St. Just

Invective Against Danton*
(1794)

What shall I say of your cowardly and constant abandonment of the public cause in the midst of crises, when you always took the part of retreat?

Mirabeau dead, you conspired with the Lameths and supported them. You remained neutral during the Legislative Assembly, and you held your peace during the sore struggle of the Jacobins against Brissot and the Girondist faction. At first you supported their opinion upon the war. Pressed afterward by the reproaches of the best citizens, you declared that you would observe the two parties, and you retired into silence. Allied with Brissot in the affair of the Champs de Mars you thereafter shared his tranquillity and his liberty-killing principles; then, given over entirely to this victorious party, you said of those who held aloof from it, that since they were alone in their opinion upon the war, and since they wished to ruin themselves, your friends and you must abandon them to their fate. But when you saw the storm of the tenth of August gathering, again you betook yourself to Arcis-sur-Aube. However, urged by shame and reproaches, and when you knew that the fall of tyranny was well prepared and inevitable, you returned to Paris on the 9th of August. You hid yourself during that terrible night. Your section, which had nominated you its president, long awaited you; they dragged you out of ashameful repose. You presided for an hour; you quitted the chair at the moment the tocsin sounded; at the same instant the satellites of tyranny entered and thrust the bayonet through the heart of him who had replaced you. You, you slept!

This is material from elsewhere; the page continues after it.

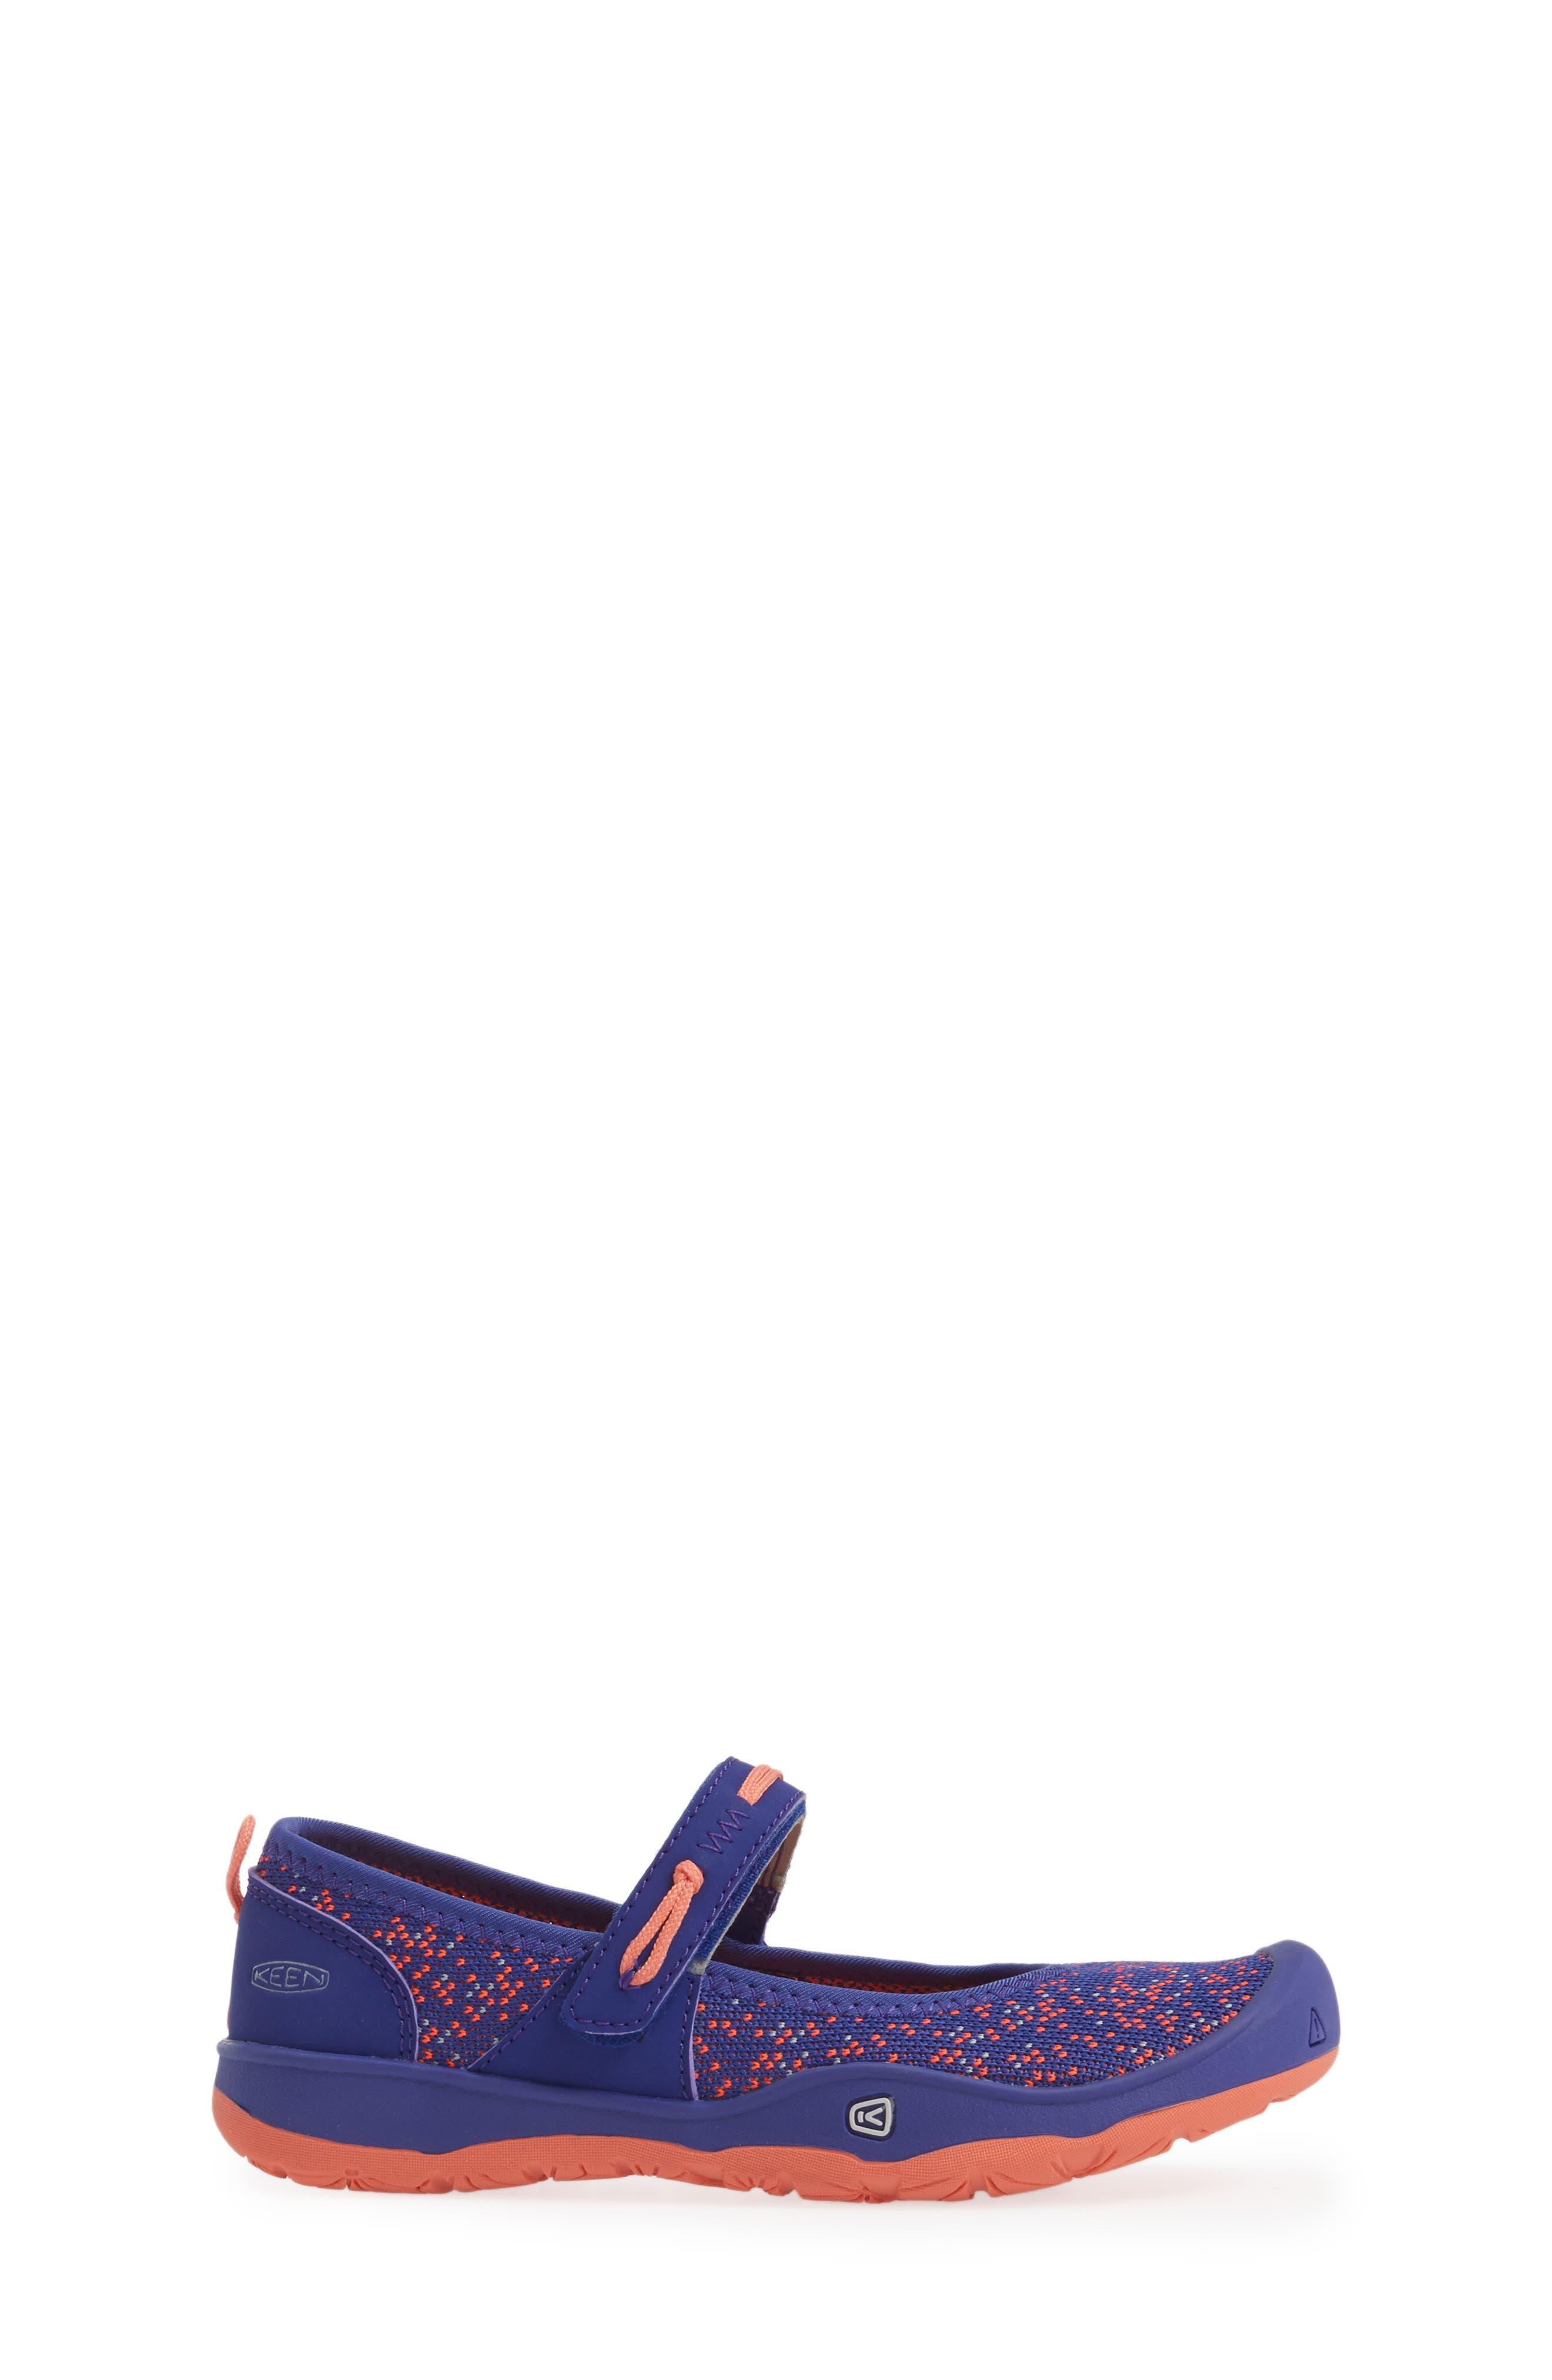 Moxie Mary Jane,                             Alternate thumbnail 3, color,                             Purple/ Fusion Coral

You detached yourself from the Mountain amid the dangers which it ran. You publicly claimed it as a merit not to have denounced Gensonn, Gaudet, and Brissot; you incessantly held out to them the olive branch, a pledge of your alliance with them against the people and strict republicans. The Girondists made a mock war against you; in order to force you to declare yourself it demanded a reckoning of you; it accused you of ambition. Your far-sighted hypocrisy conciliated all, and contrived to maintain itself in the midst of parties, always ready to dissimulate before the strongest without offending the weakest. During stormy debates, your absence and your silence were commented on with indignation; you, you spoke of the country, of the delights of solitude and idleness, but you could quit your apathy to defend Dumouriez, Westermann, his boasted creature, and his accomplices, the generals.

You knew how to allay the wrath of the patriots; you represented our misfortunes as the result of the feebleness of our armies, and you turned attention from the treachery of the generals to occupy yourself with new levies of men. You were associated in the crimes of Lacroix, a long denounced conspirator of impure soul,with whom one could not be united save by the knot which binds conspirators. Lacroix was always more than suspected, hypocritical and perfidious: he has never spoken with good faith within these precincts; he had the audacity to praise Miranda and to propose the renewing of the Convention; his conduct with Dumouriez was the same as yours. Lacroix has often testified his hatred for the Jacobins. Whence came the pomp with which he was surrounded? But why recall so many horrors when your evident complicity with Orleans and Dumouriez in Belgium suffices for justice to smite you.

Unworthy citizen, you have plotted; false friend, you spoke evil two days ago of Desmoulins, an instrument whom you have lost, and you attributed shameful vices to him. Wicked man, you have compared public opinion to a woman of loose life; you have said that honor was absurd, that glory and posterity were a folly. These maxims were to conciliate you with the aristocracy; they were those of Cataline. If Fabre is innocent, if Orleans, if Dumouriez were innocent, then doubtless you are innocent. I have said too much: you shall answer to justice.3

* This attack on Danton was made in the "Report on the Conspiracy of the Dantonists," delivered by St. Just before the Convention on March 31, 1794, material for it having been furnished by Robespierre. Translated by Scott Robinson from the ten given by Stephens. Thiers, in commenting on this speech, says St. Just urged against Danton "the falsest accusations, and distorted known facts in the most atrocious manner."

3 Danton had been arrested the day before St. Just delivered this speech, which was intended as a justification for getting rid of him. He was executed six days later, April 5, 1794, prophesying that Robespierre himself would soon fall. On the twenty-eighth of the following July Robespierre and St. Just with others perished on the guillotine.